Updating a django table, hashing a specific field in a table


I have a table that looks something like

class PodUsage(models.Model):
    pod_id = models.CharField(max_length=256, db_index=True)
    pod_name = models.CharField(max_length=256)
    start_time = models.DateTimeField(blank=True, null=True, default=timezone.now)
    end_time = models.DateTimeField(blank=True, null=True)
    anonymised = models.BooleanField(default=False)
    user = models.ForeignKey("accounts.ServiceUser", null=True, blank=True, on_delete=models.CASCADE)
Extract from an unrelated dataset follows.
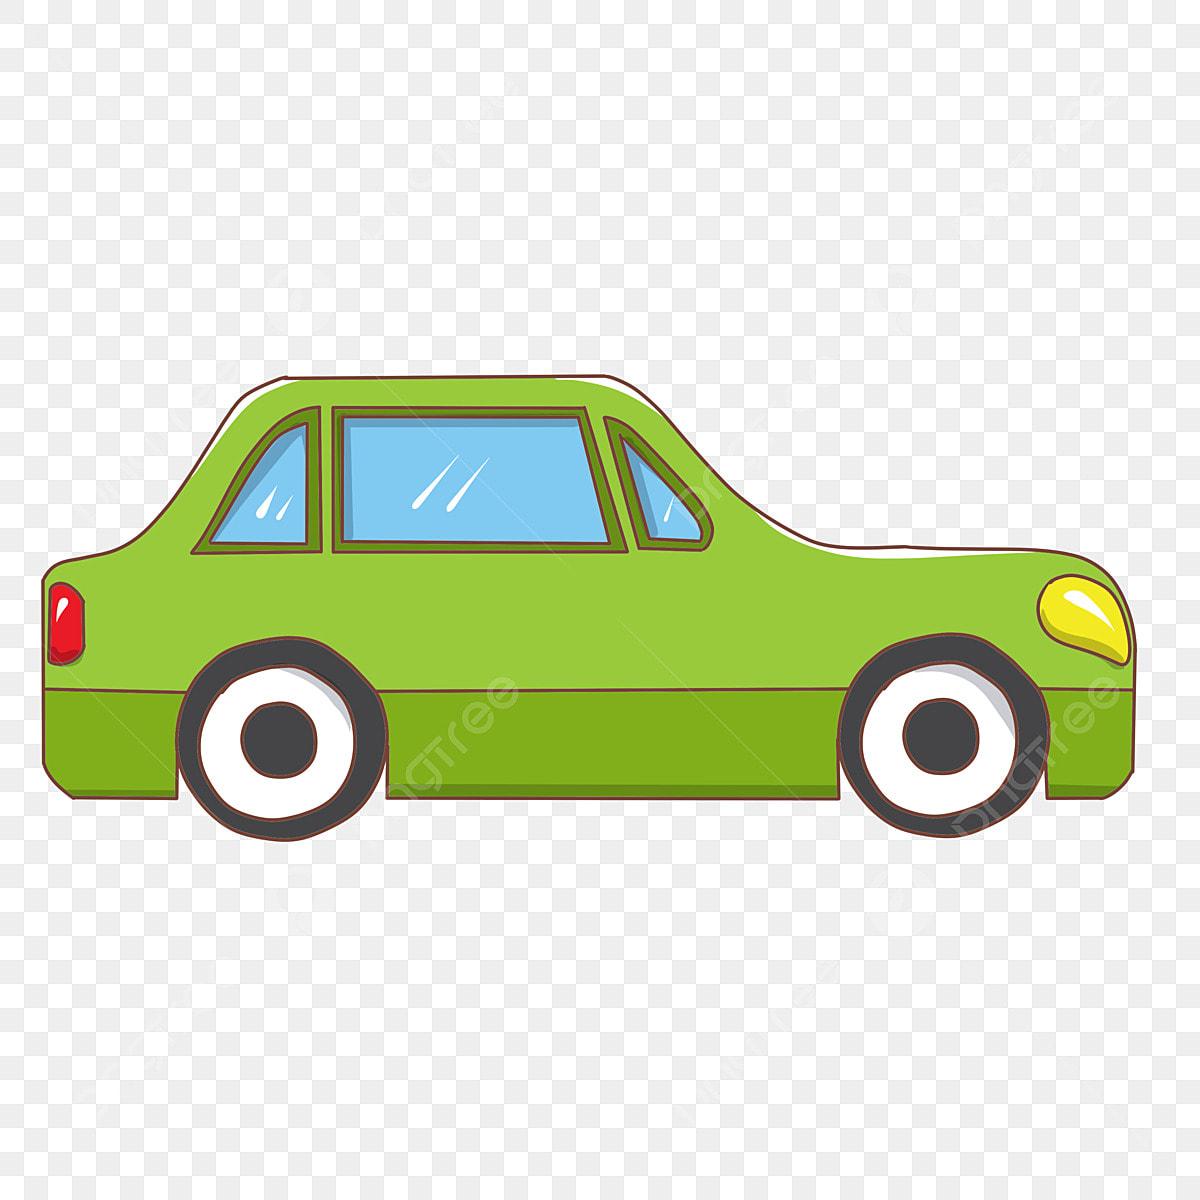 coche verde coche dibujado a mano hermoso carro coche de

As part of our GDPR requirement, we need to anonymize data after a certain period, which I could absolutely do as a loop:

  count = 0
  records = PodUsage.objects.filter(
            anonymised=False,
            start_time__lte=timezone.now() - timedelta(weeks=settings.DATA_ANONYMISING_PERIOD_WEEKS)
            )
  for record in records:
        record.pod_name = hashlib.sha256(record.pod_name.encode('utf-8')).hexdigest()
        record.user = None
        record.anonymised = True
        record.save()
        count += 1
  # Log count somewhere

however I think I should be able to do it with an update function:

  count = PodUsage.objects.filter(
        anonymised=False,
        start_time__lte=timezone.now() - timedelta(weeks=settings.DATA_ANONYMISING_PERIOD_WEEKS)
        ).update(
            pod_name = hashlib.sha256(pod_name.encode('utf-8')).hexdigest(),
            user = None,
            anonymised = True
        )
  # Log count somewhere

..... but I can't figure out the correct incantation to reference the field in the update portion

  • as given, pod_name is not defined
  • sha256("pod_name".encode('utf-8')) obviously just encodes the string "pod_name"
  • sha256(F("pod_name").encode('utf-8')) breaks the code with 'F' object has no attribute 'encode'

Any suggestions?


Solution

  • You can use the SHA256 function [Django-doc] to let the database hash:

    from django.db.models.functions import SHA256
    
    count = PodUsage.objects.filter(
        anonymised=False,
        start_time__lte=timezone.now()
        - timedelta(weeks=settings.DATA_ANONYMISING_PERIOD_WEEKS),
    ).update(pod_name=SHA256('pod_name'), user=None, anonymised=True)